Les entités politiques qui se tournent vers la mer s’inscrivent dans une logique de flux, d’échanges et d’ouverture, moteur du développement économique. Le transport maritime apparaît clairement avoir été, en effet, le moteur de la révolution agricole fondée sur la spécialisation permettant d’adapter la production aux terres et au climat. Catalyseur des échanges et du commerce, le développement maritime stimula également la révolution industrielle par l’impact considérable de la construction navale au plan de l’innovation et du développement de l’industrie métallique, moteur de la révolution industrielle.

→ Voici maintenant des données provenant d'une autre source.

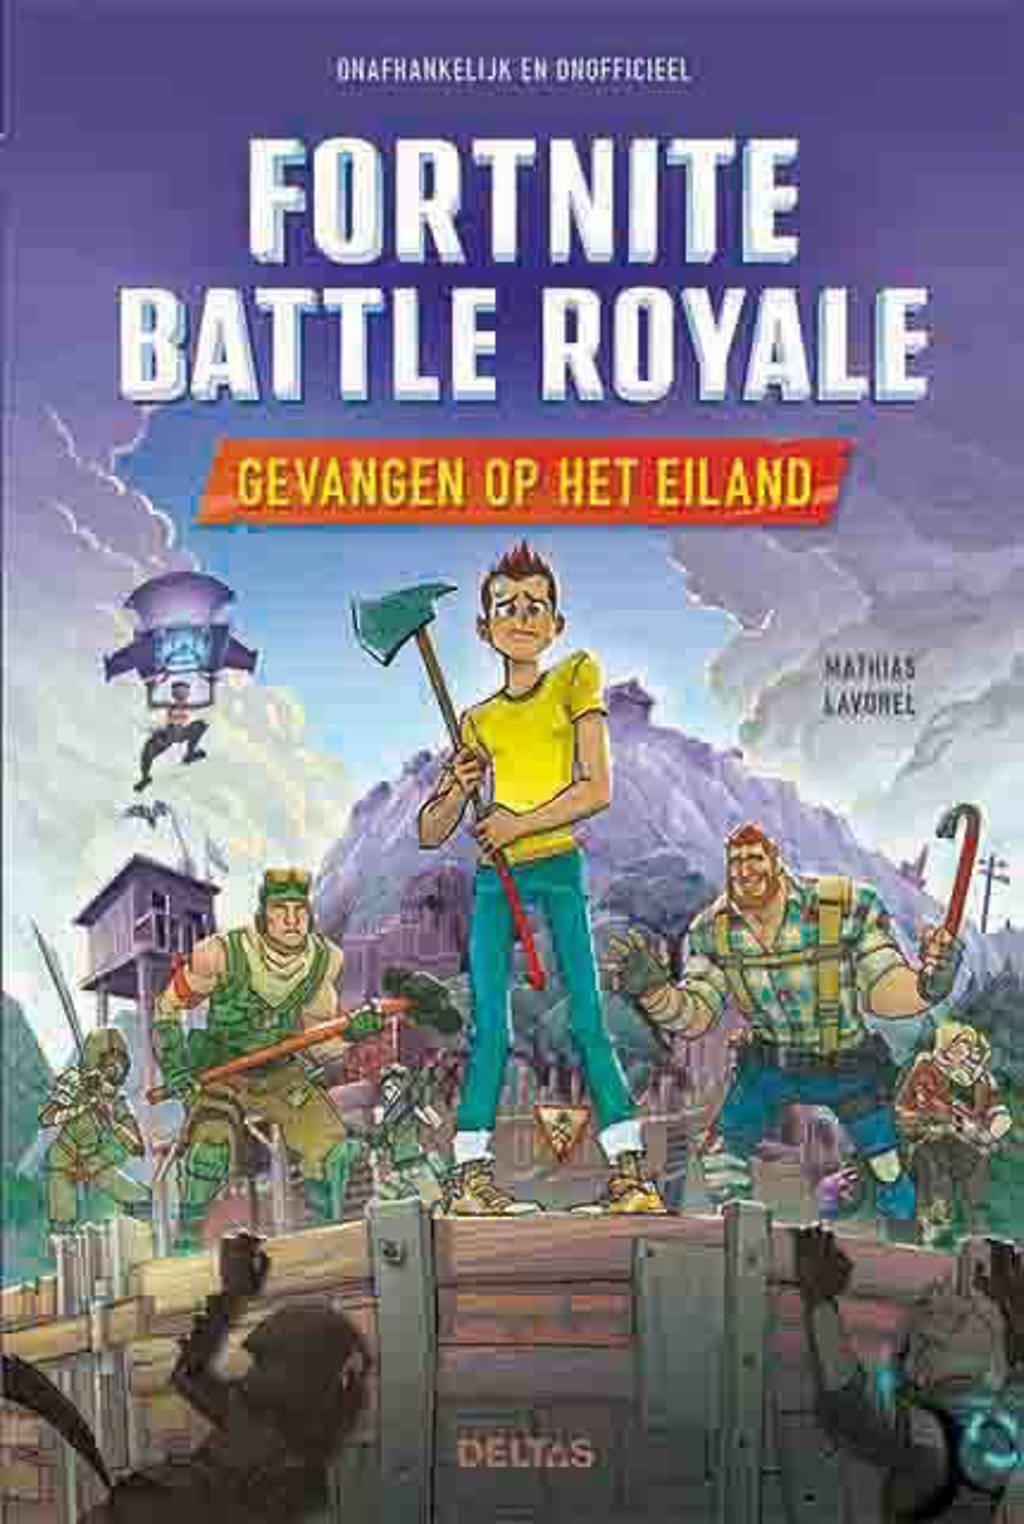 Fortnite Battle Royale: Gevangen op het eiland - Mathias Lavorel
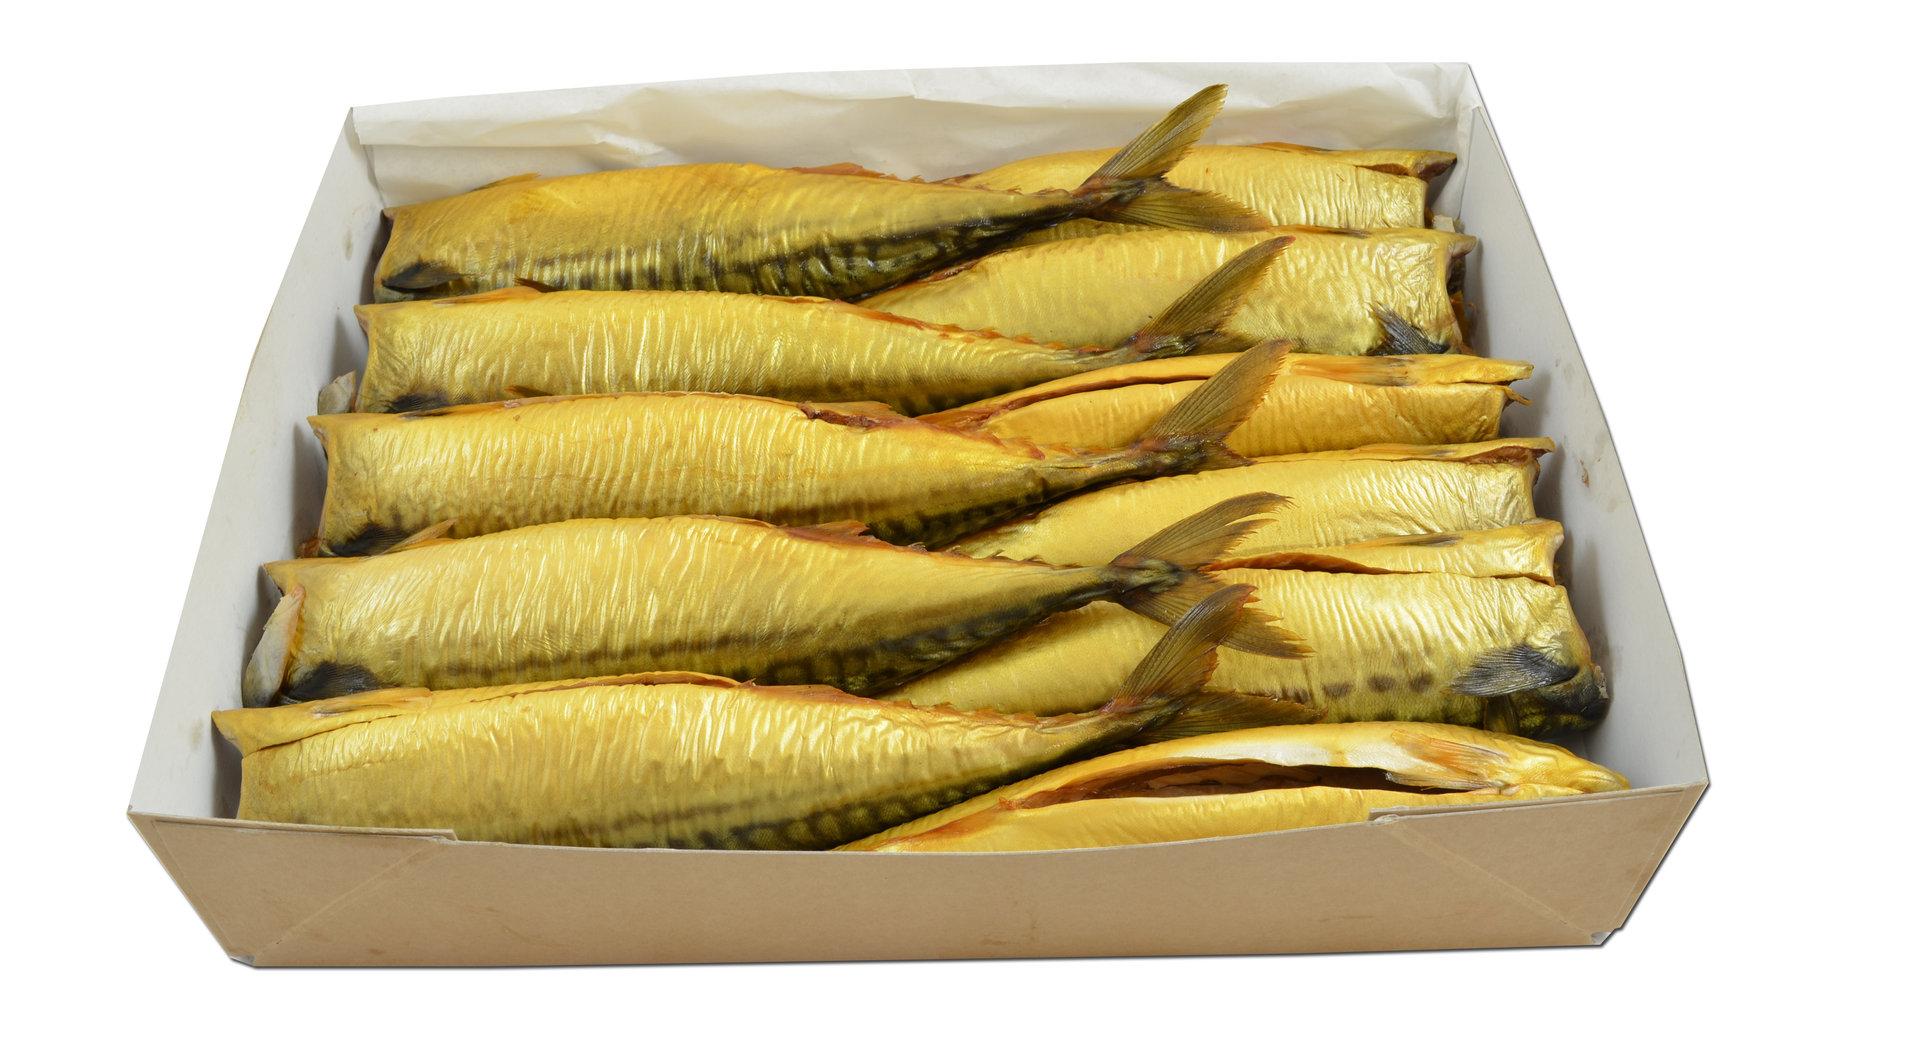 Makrelen ohne Kopf - L

Une telle dynamique supposait bien évidemment d’être sous-tendue par une capacité financière sans faille, insufflant dans l’économie les liquidités nécessaires. Là encore cette aptitude procède très largement de l’impact initial probant du maritime au plan de la révolution agricole. L’exode rural qui en résulta en concentrant les populations dans les villes permit de drainer l’épargne et facilita l’investissement par la maîtrise des taux d’intérêt.


3. La mer, moteur de l’Histoire

Prendre, non plus la terre comme espace de référencement historique, mais la mer, est un renversement complet d’attitude pour ne plus centrer l’étude de nos objets de recherche dans le seul cadre territorial, national ou politique, mais sur ce qui précisément unit les différents ensembles. C’est considérer l’espace marin non pas comme une séparation mais comme un trait d’union. L’espace par excellence des échanges, qu’ils soient d’ordre commercial, culturel, scientifique… C’est ne plus se contenter d’étudier les ensembles politiques en eux-mêmes et dans les rivalités qu’ils ont eus avec leurs voisins mais les appréhender dans leur participation à la synergie générale qui se dégage de cette dynamique de flux et qui s’appelle l’Histoire.

C’est toute la structuration de l’histoire universelle en quatre temps (Antiquité, Moyen-Âge, Moderne et Contemporaine) que fait éclater Océanides, une découpe occidentalo-centrée et inadaptée aux réalités historiques des autres zones géographiques, pour lui substituer une segmentation en trois temps, rendant beaucoup plus intelligible et parlante la dynamique de l’Histoire pour nous permettre de comprendre les grands basculements géopolitiques :


  • le temps des Méditerranées, correspondant aux périodes antique et médiévale ;

  • le temps de l’Atlantique, correspondant aux périodes moderne et contemporaine ;

  • le temps de « l’océanotemporain » ou de l’océan mondial dans lequel nous entrons à pleine vitesse et qui sonne l’avènement d’une sortie de crise sous l’effet d’une nouvelle maritimisation. Une nouvelle maritimisation, portée par quatre facteurs éminemment structurants, en passe de modifier durablement la géopolitique et la géoéconomie de l’ordre ancien : le rattrapage de la Méditerranée asiatique ; l’explosion démographique et sa concentration sur le littoral ; le nouveau droit de la mer bouleversant les équilibres entre puissances ; la révolution géographique impulsée par les routes du nord.

Sous les coups de butoir de la mer, c’est toute l’Histoire universelle qui devient simple, facile à comprendre et porte à la réflexion…

Les travaux d’Océanides montrent clairement que le maritime est l’élément le plus structurant de l’Histoire pour conférer tout à la fois une prédominance militaire, économique et culturelle et être le moteur de la compétitivité avec, à l’évidence, des conséquences sociales et sociétales. Toute entité politique qui se tourne vers la mer optimise ses paramètres constitutifs, qu’ils soient d’ordre démographique, géographique, politique, pour entrer dans une dynamique de développement, de rayonnement dans laquelle puissance se conjugue avec croissance, emplois, pouvoir d’achat et bien-être. Nous avons là non plus une réflexion mais un constat, bien plus une vision nouvelle de l’Histoire. Puisse-t-elle être éclairante pour tout décideur et montrer, à tout un chacun, que la mer est la clef de l’Histoire et, partant de ce constat, plus que jamais le catalyseur de notre avenir.